Member of the New South Wales Legislative Council
- In office 21 December 1925 – 22 April 1934
- Monarch: George V
- Governors General: John Baird (1925-31) Isaac Isaacs (1931-34)
- Prime Minister: Stanley Bruce (1925-29) James Scullin (1929-32) Joseph Lyons (1932-34)
- Governor: Dudley de Chair (1925-30) Philip Game (1930-34)

Personal details
- Born: Daniel James Malone 27 September 1878 Kapunda, South Australia, Australia
- Died: 20 August 1952 (aged 73) Haberfield, New South Wales, Australia
- Party: Labor
- Other political affiliations: Voted independently in the chamber
- Spouse: Catherine Mary Balfe (m. 1904)
- Occupation: Farm worker, engineer, company director, politician

= James Malone (Australian politician) =

Australian politician

Daniel James Malone (27 September 1878 - 20 August 1952) was an Australian politician.

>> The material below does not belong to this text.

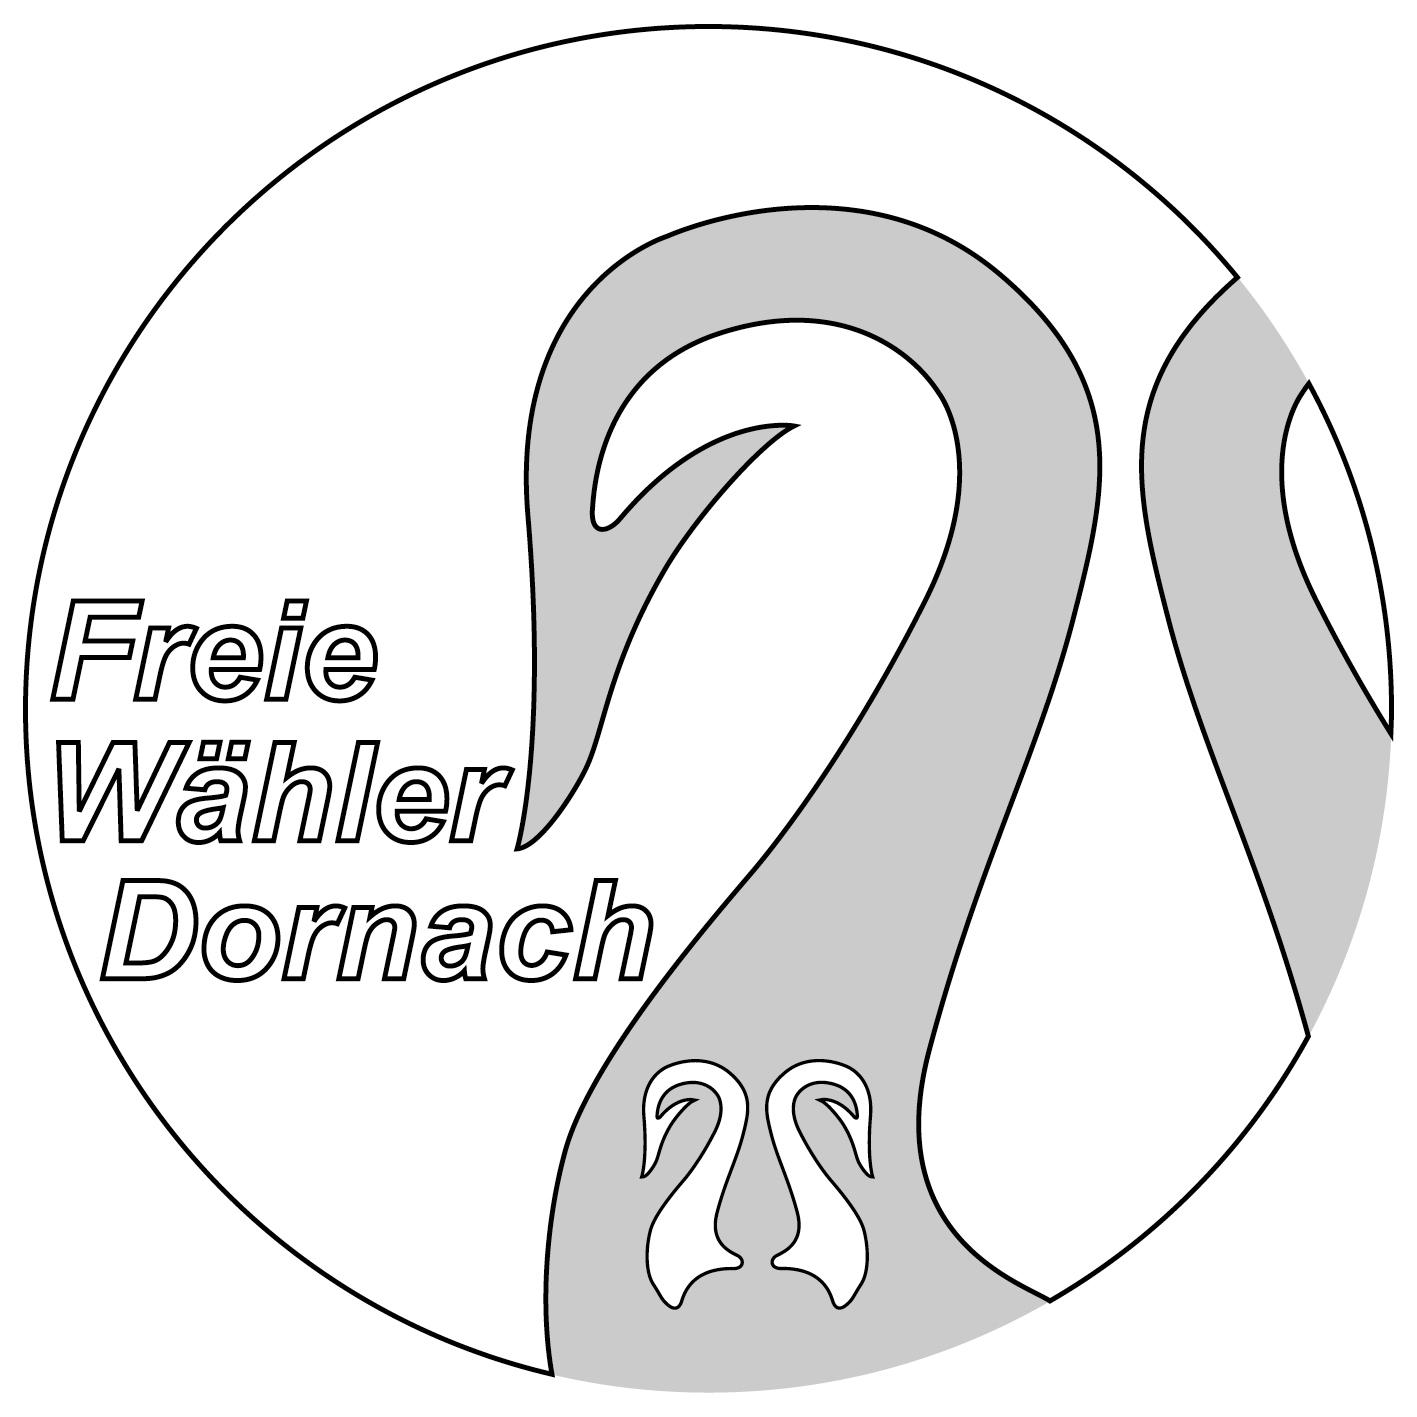 Freie Wähler Dornach

He was born in Kapunda in South Australia to station master Daniel Malone and Elizabeth Kiely. He was educated in Adelaide and worked on a farm at Terowrie before moving to Tasmania and then Sydney. He became an engineer, working for the Australian Institute of Engineers and directing several companies. On 15 August 1904 he married Catherine Mary Balfe, with whom he had six children. From 1925 to 1934 he was a member of the New South Wales Legislative Council; he was nominated by the Labor Party but voted independently in the chamber. Malone died at Haberfield in 1952.